____ SUPPLIED INFORMATION

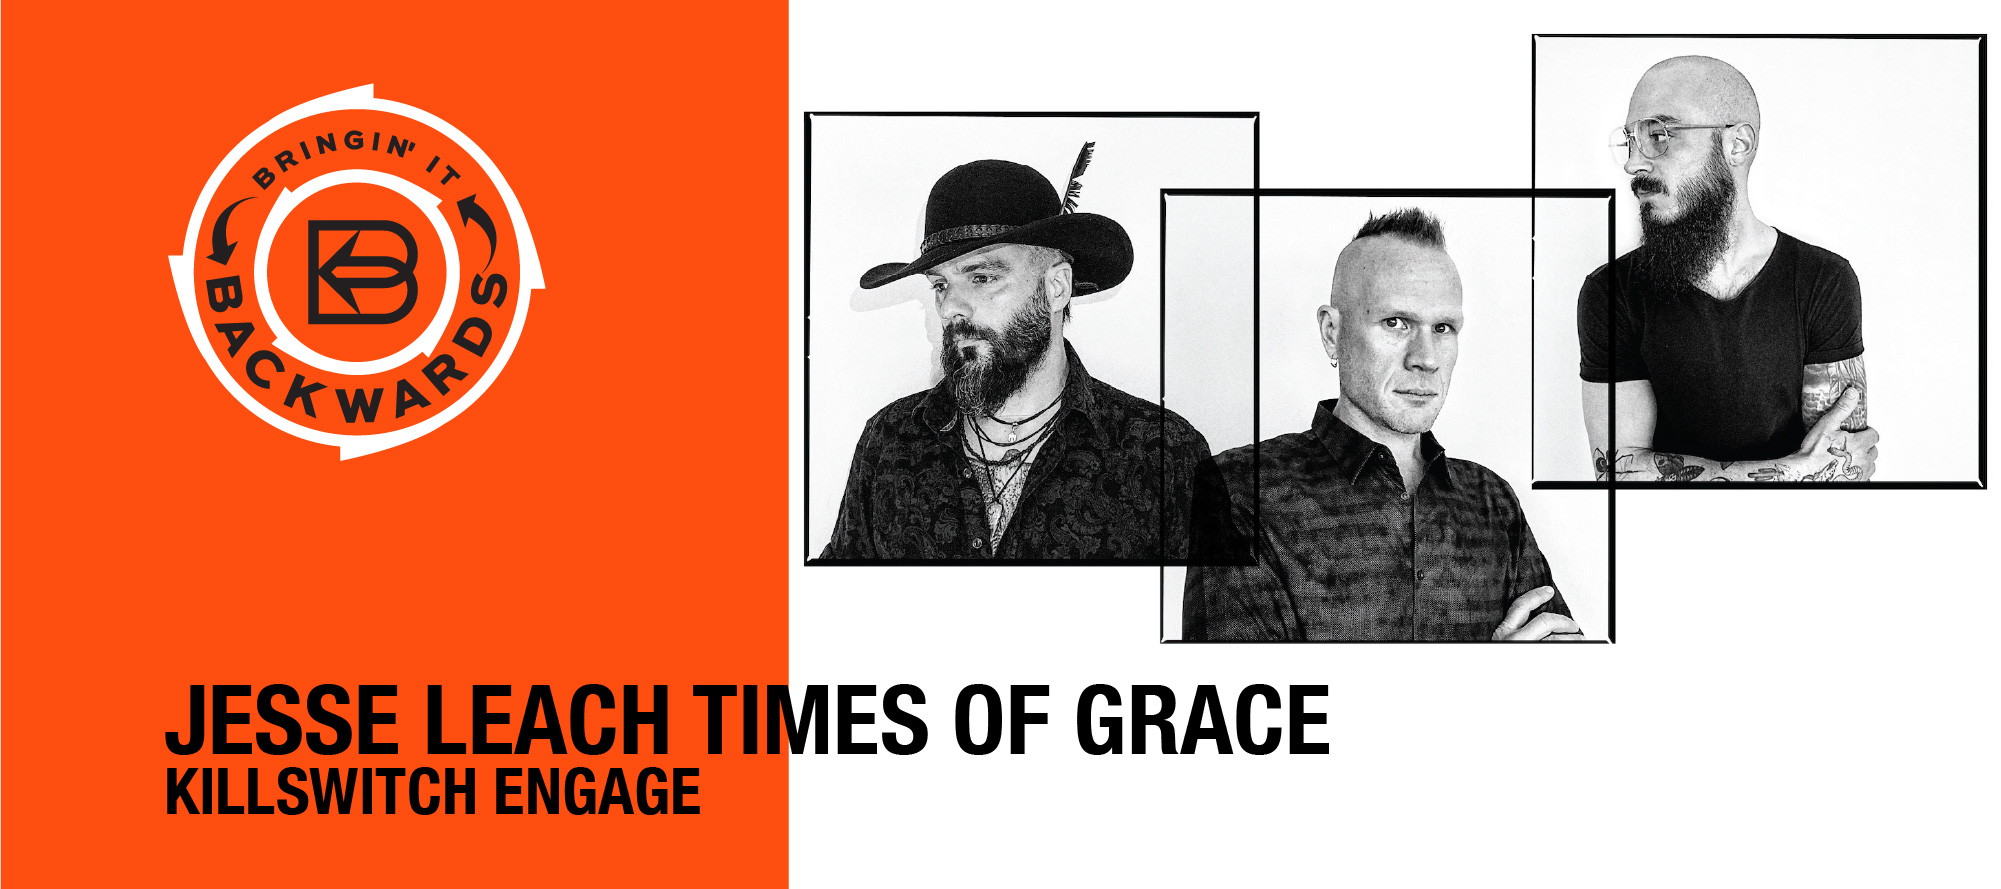 Bringin’ it Backwards: Interview with Jesse Leach of Times of Grace / Killswitch Engage
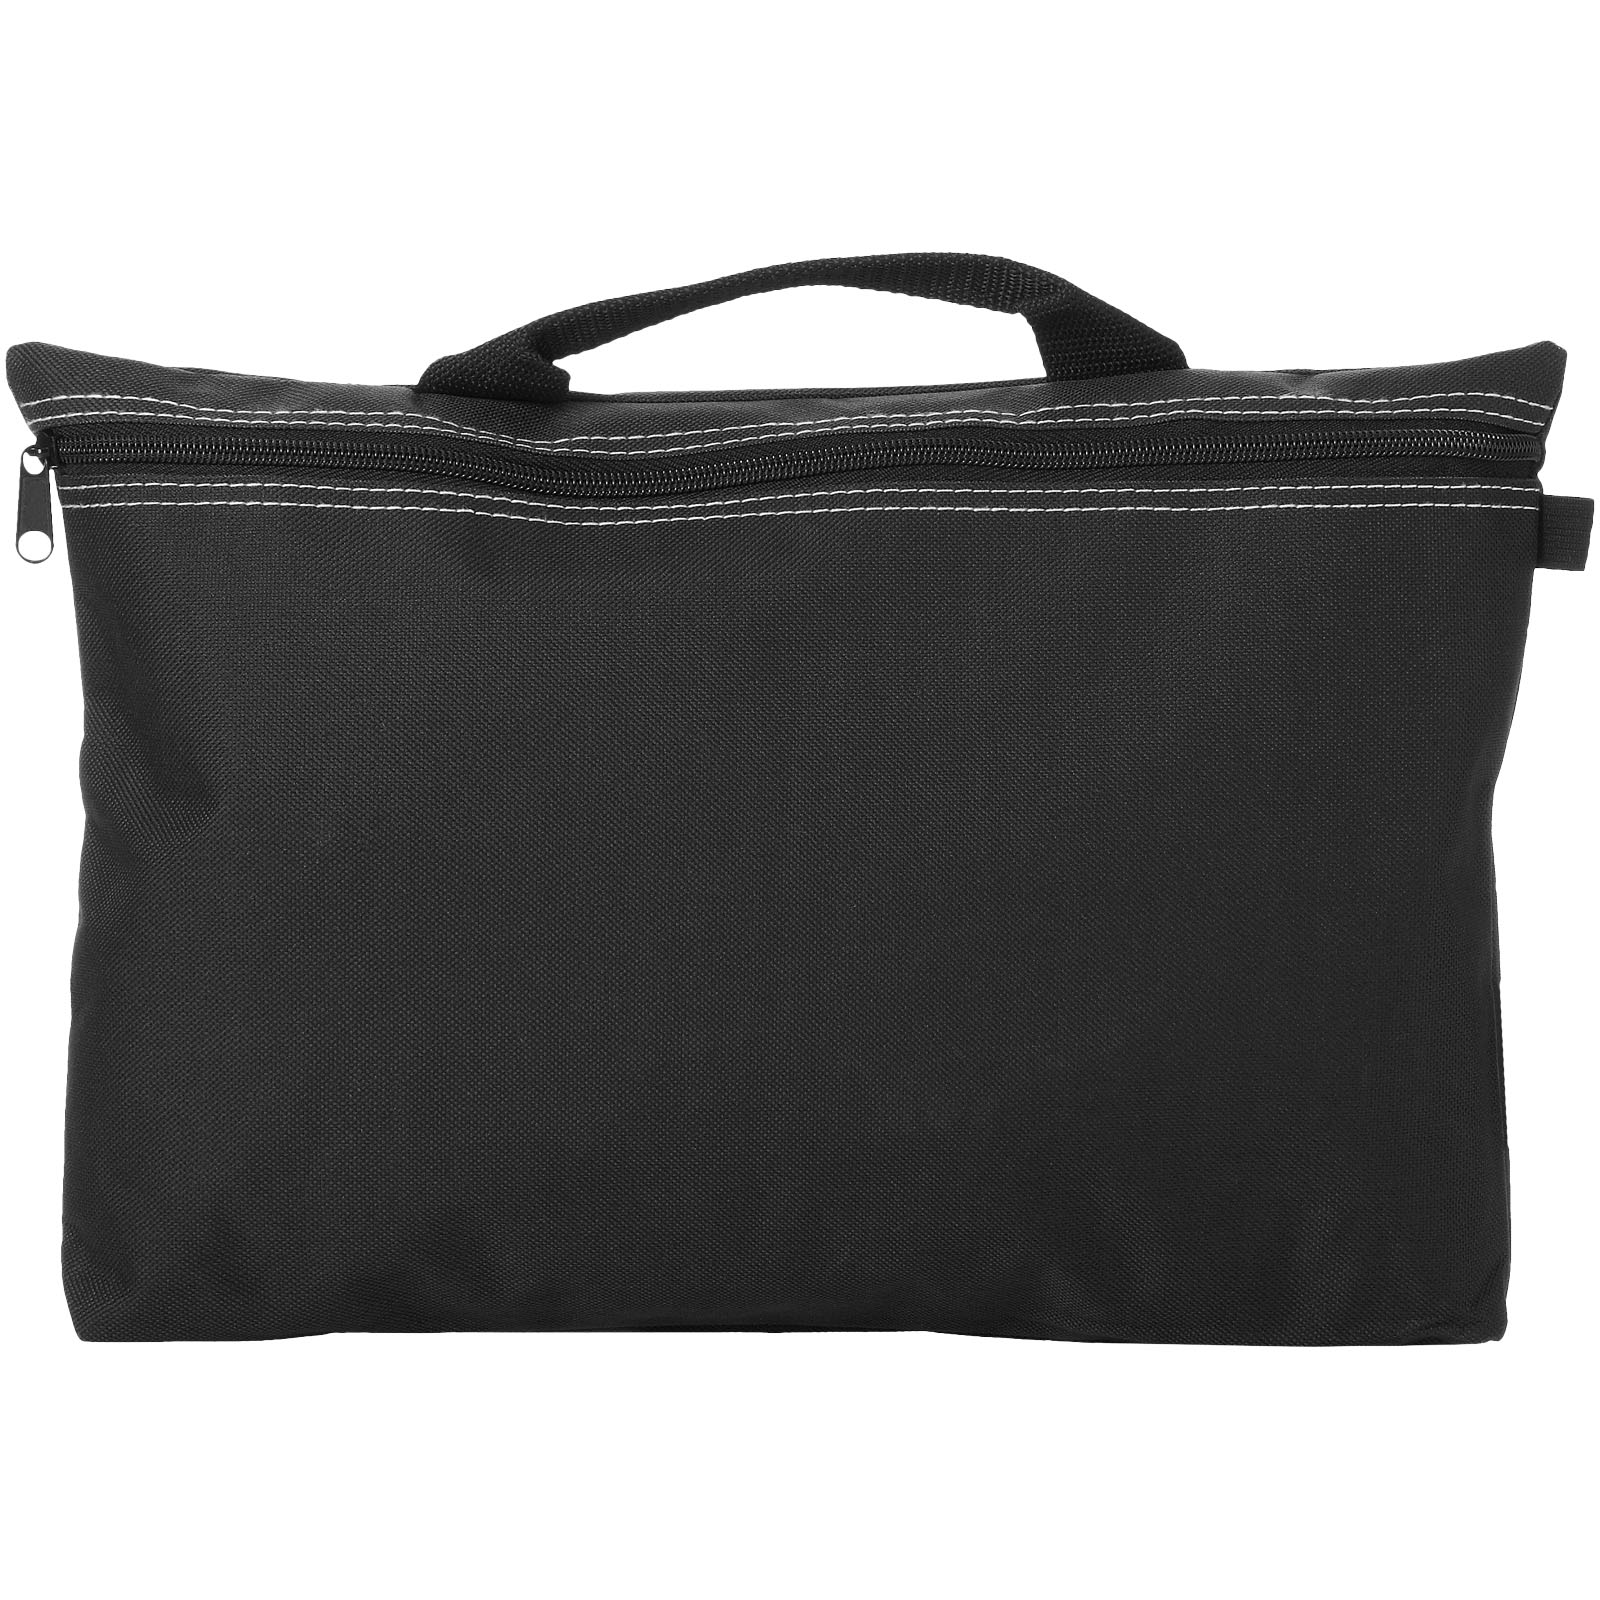 Advertising Conference bags - Orlando conference bag 3L - 1
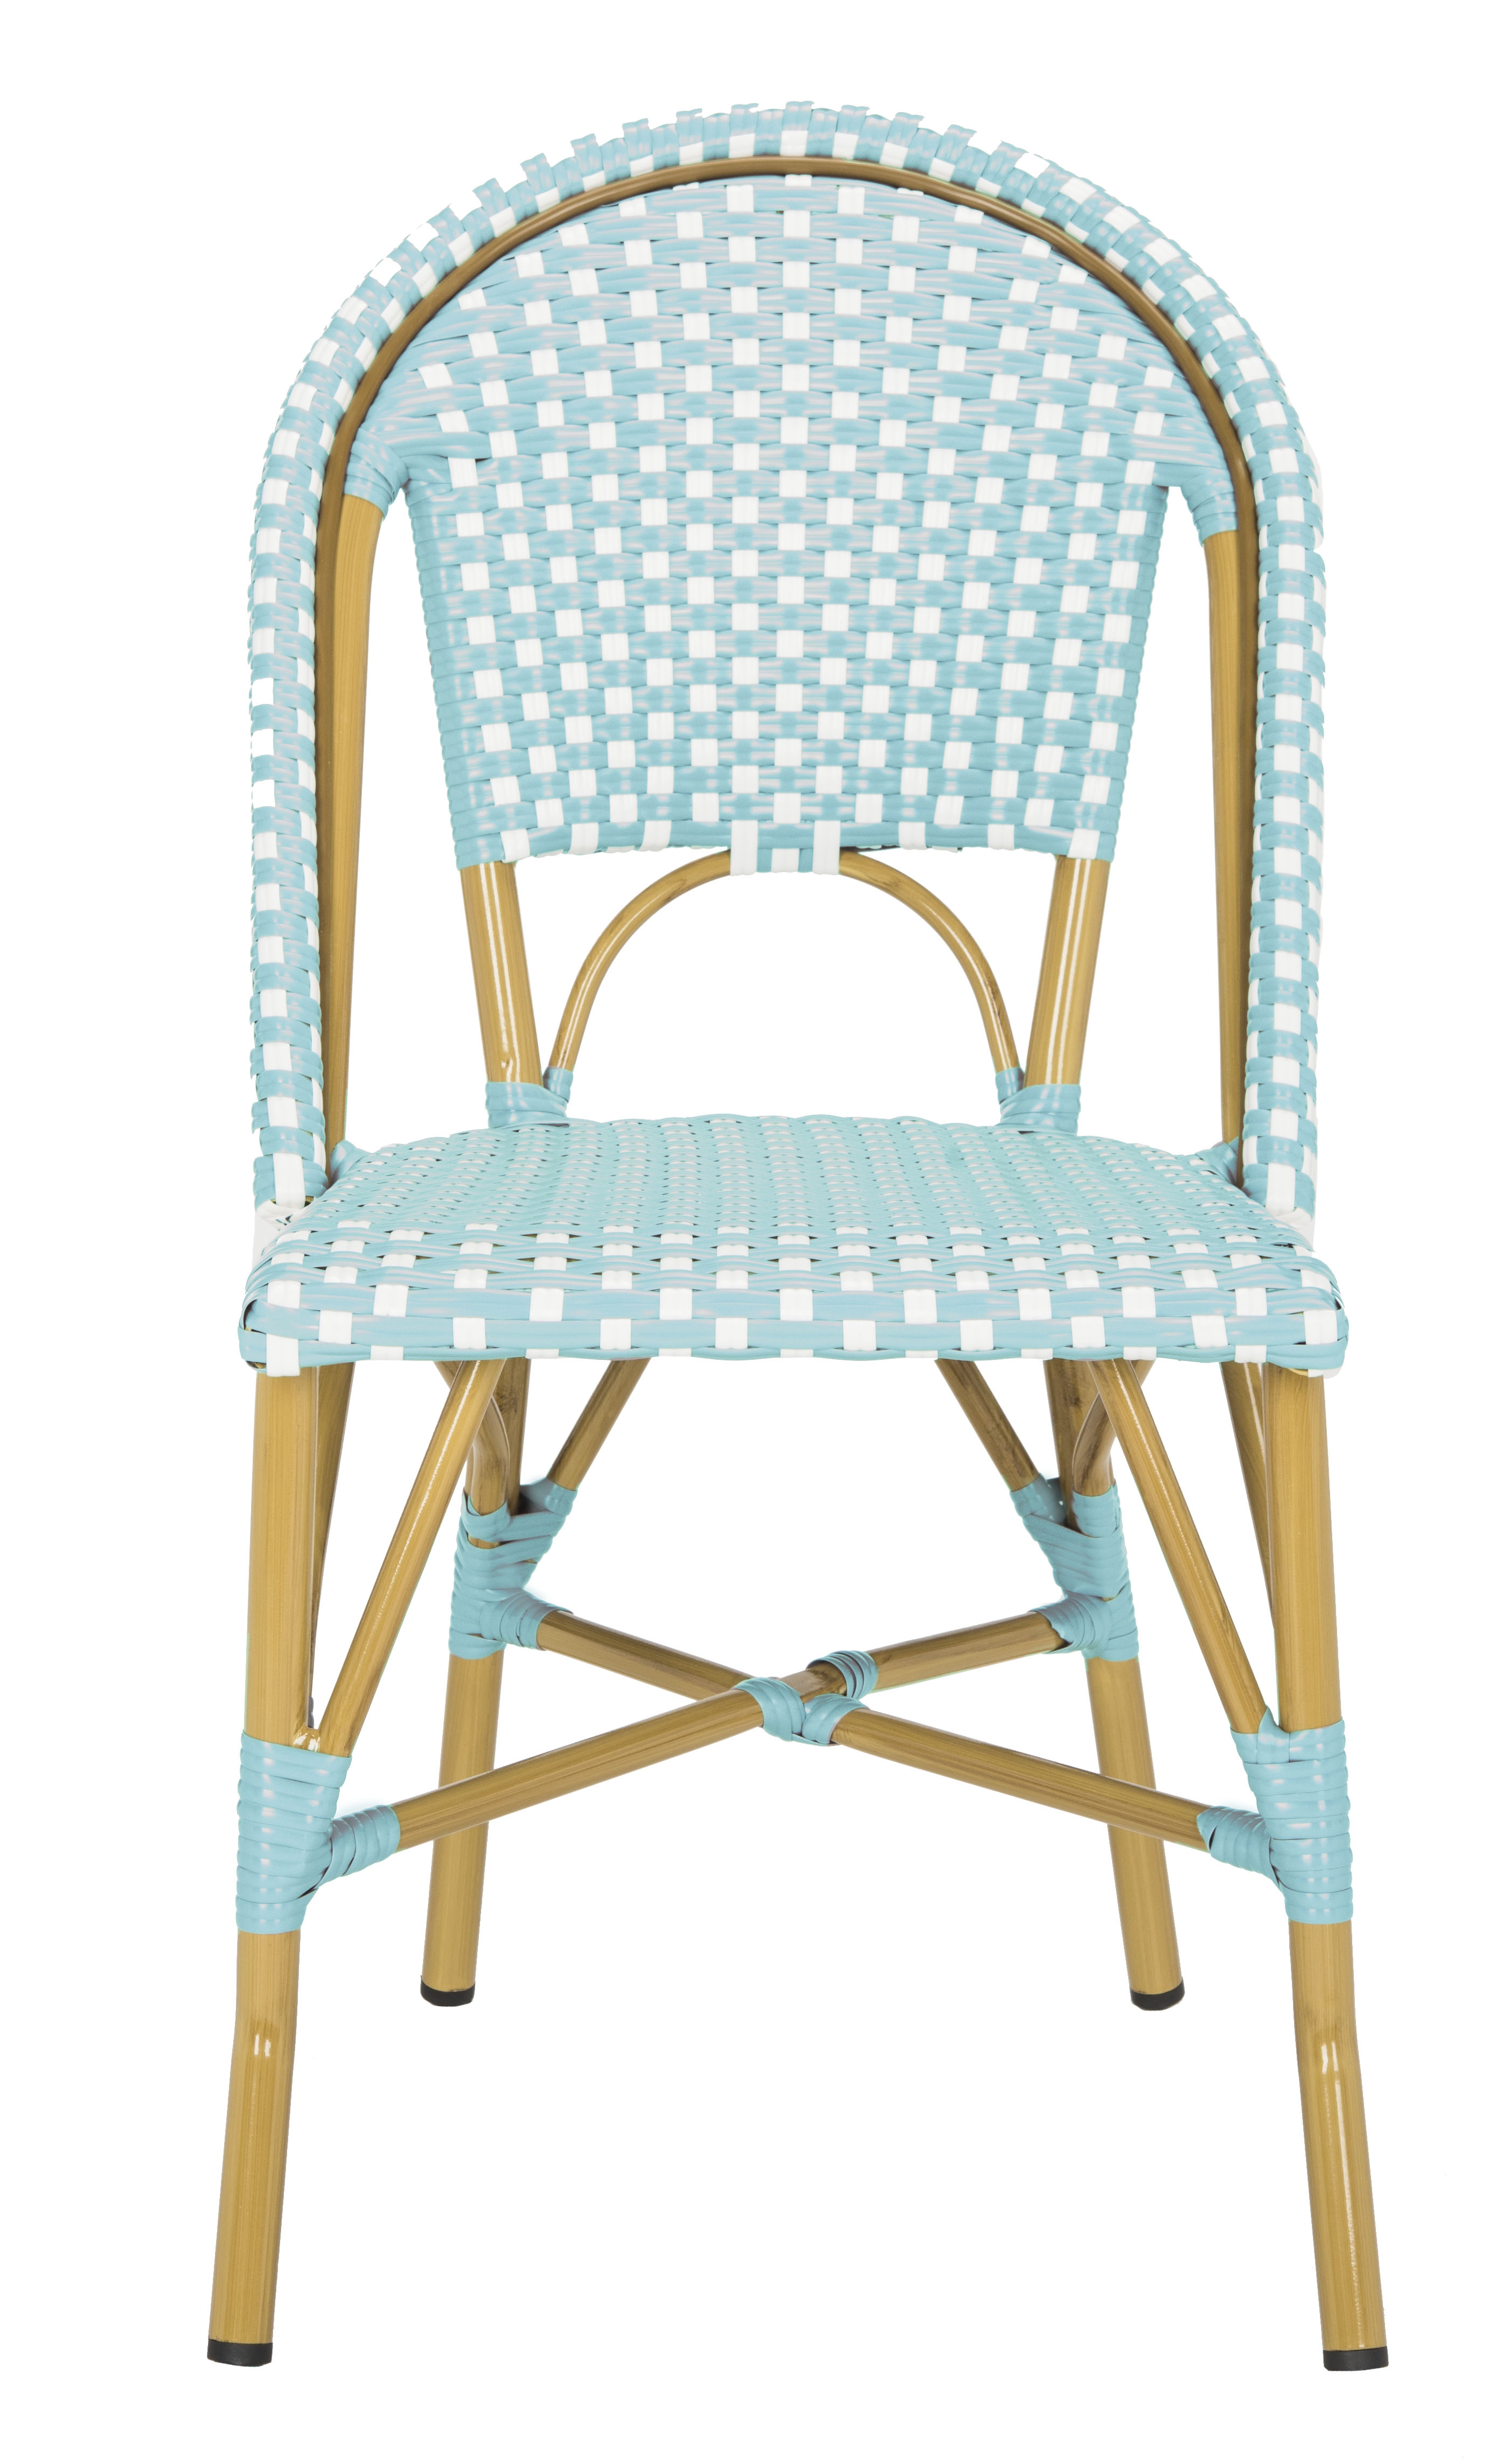 Salcha Indoor-Outdoor French Bistro Stacking Side Chair - Teal/White/Light Brown - Arlo Home - Image 1
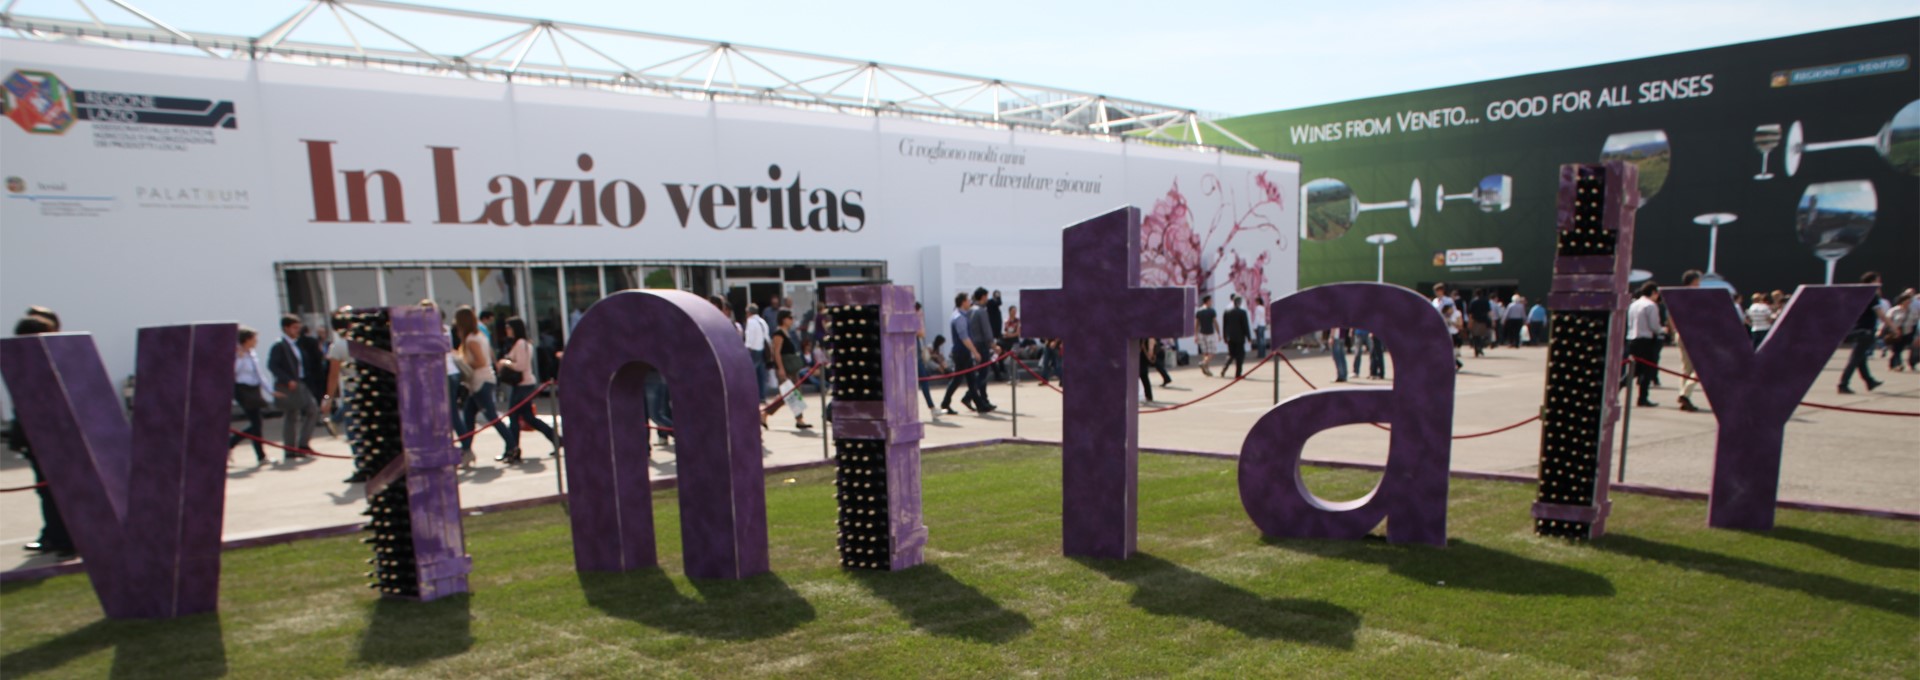 17-facts-about-vinitaly-wine-exhibition

________

**AIM OF THE TASK**.
The response consists of the data above printed line for line, with no pictures.

**THE ANSWER**.
 Bringin’ it Backwards: Interview with Jesse Leach of Times of Grace / Killswitch Engage
 Advertising Conference bags - Orlando conference bag 3L - 1
 Salcha Indoor-Outdoor French Bistro Stacking Side Chair - Teal/White/Light Brown - Arlo Home - Image 1
 17-facts-about-vinitaly-wine-exhibition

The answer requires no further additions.